# [PROBLEM TO SOLVE]
What's wanted here is the full listing below, repeated exactly, with no images in it.

# [DATASET EXCERPT]
•••
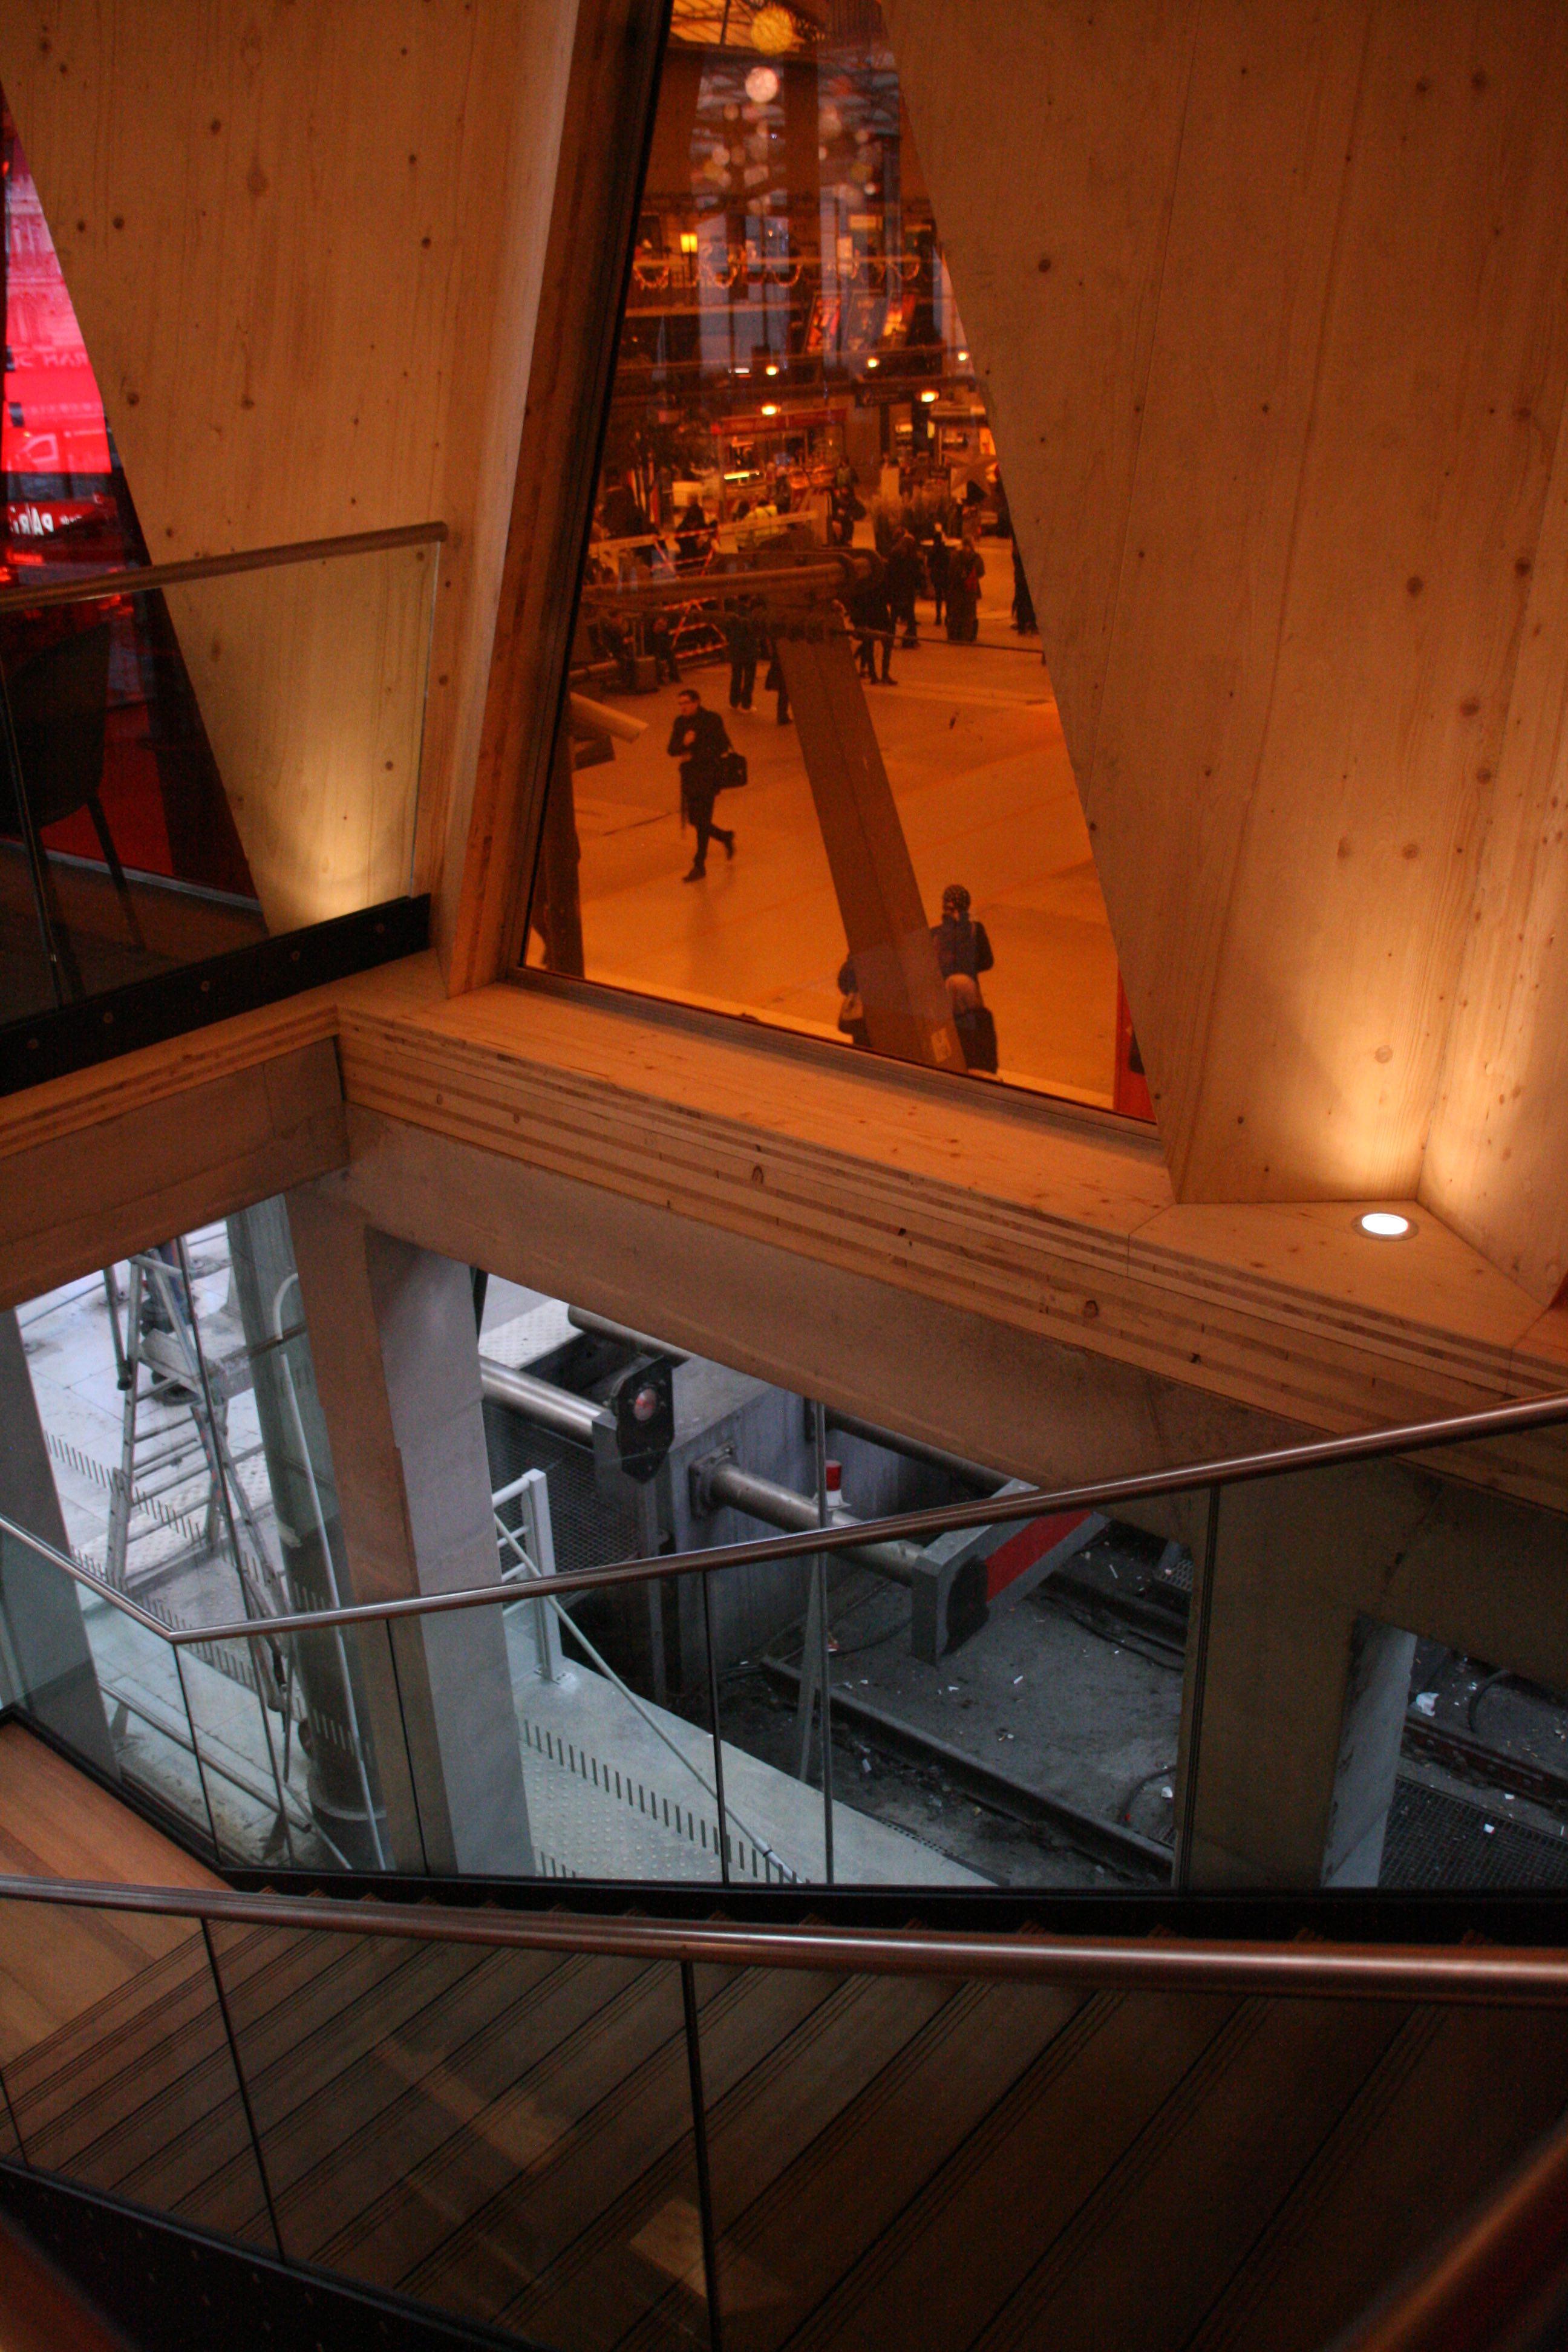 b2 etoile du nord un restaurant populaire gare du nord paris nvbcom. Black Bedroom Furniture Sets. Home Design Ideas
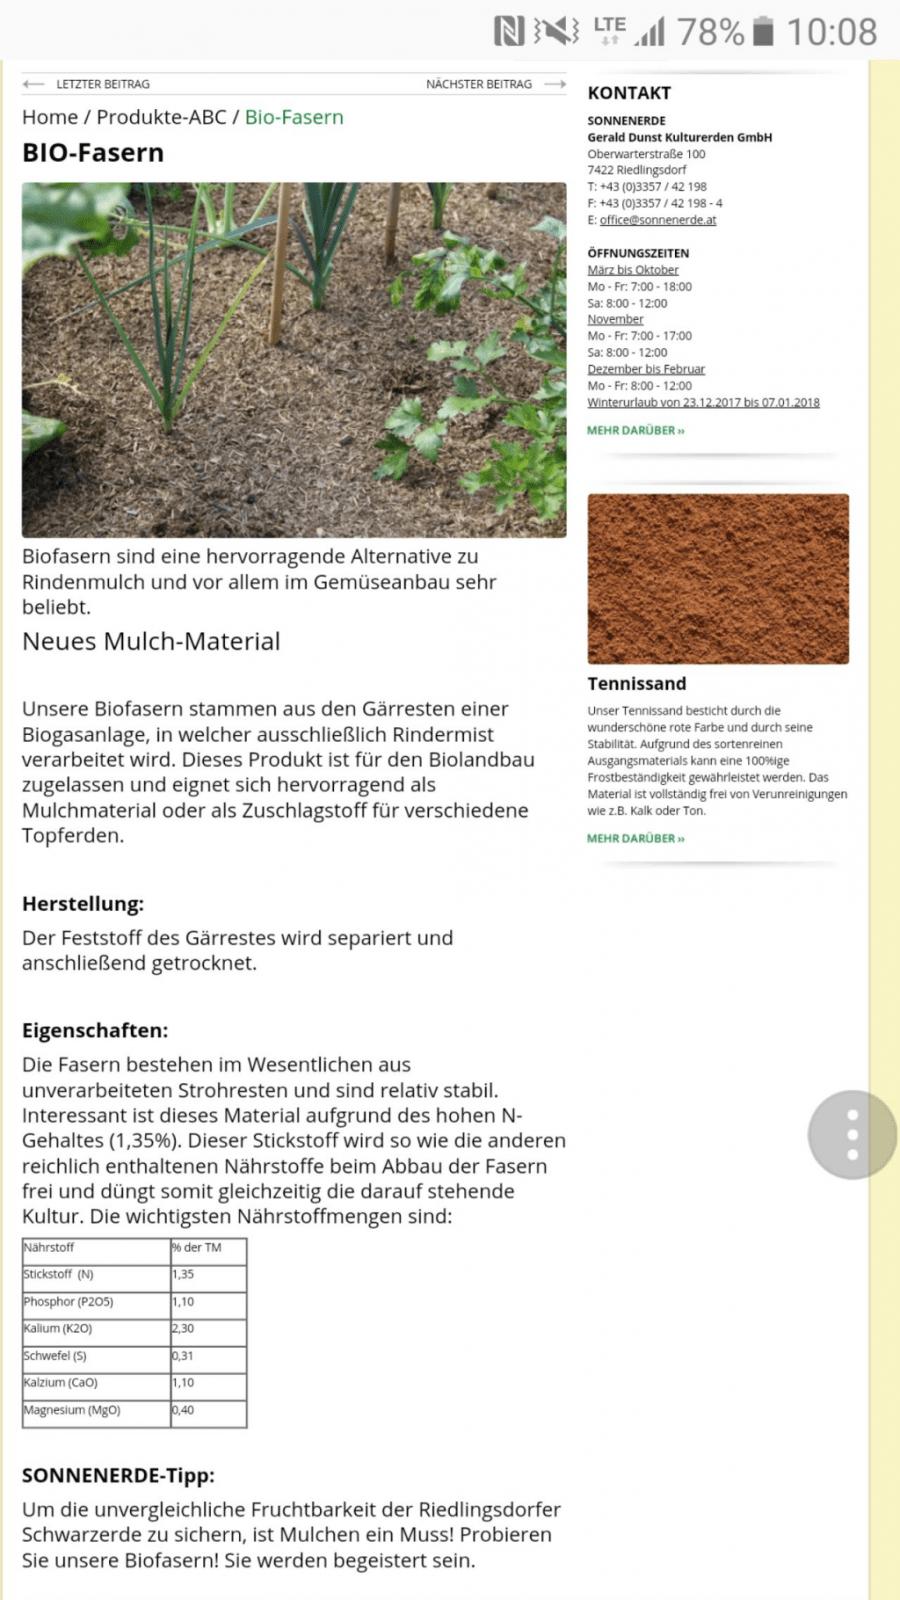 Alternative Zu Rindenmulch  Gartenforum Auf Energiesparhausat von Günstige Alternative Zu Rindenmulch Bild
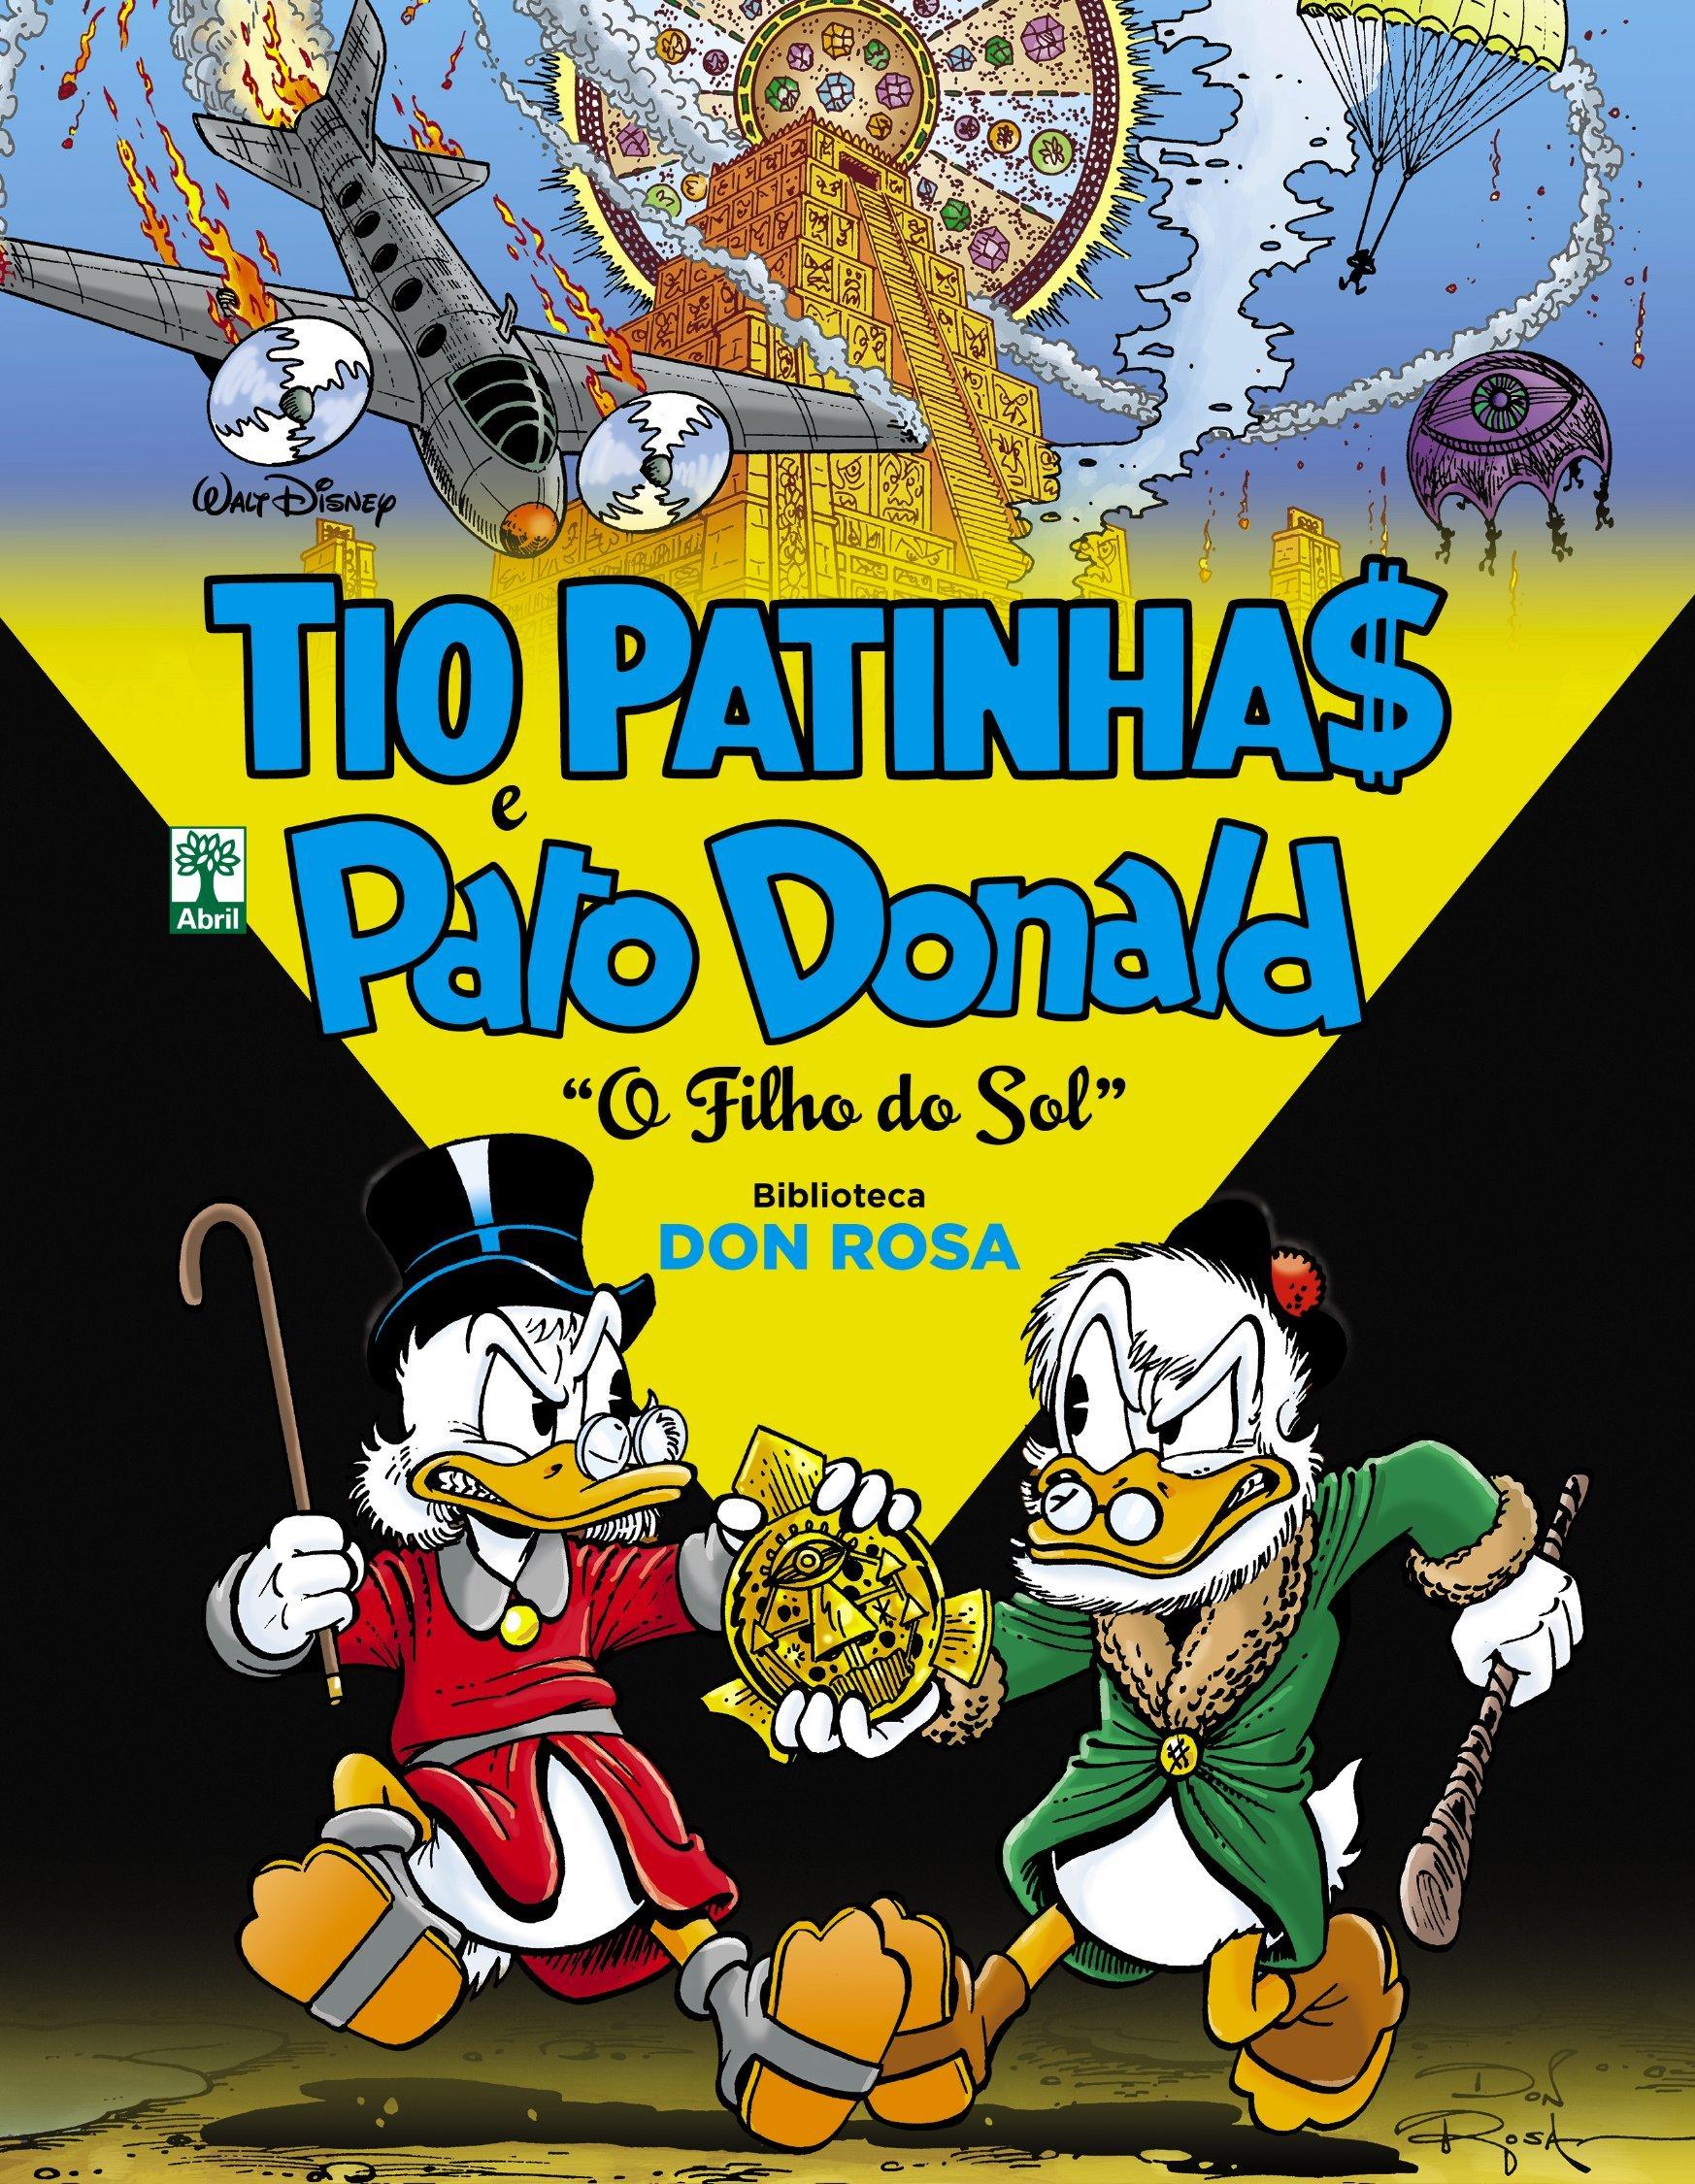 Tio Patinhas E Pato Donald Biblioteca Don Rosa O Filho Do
•••
# [WORKED SOLUTION]
 b2 etoile du nord un restaurant populaire gare du nord paris nvbcom. Black Bedroom Furniture Sets. Home Design Ideas
 Alternative Zu Rindenmulch  Gartenforum Auf Energiesparhausat von Günstige Alternative Zu Rindenmulch Bild
 Tio Patinhas E Pato Donald Biblioteca Don Rosa O Filho Do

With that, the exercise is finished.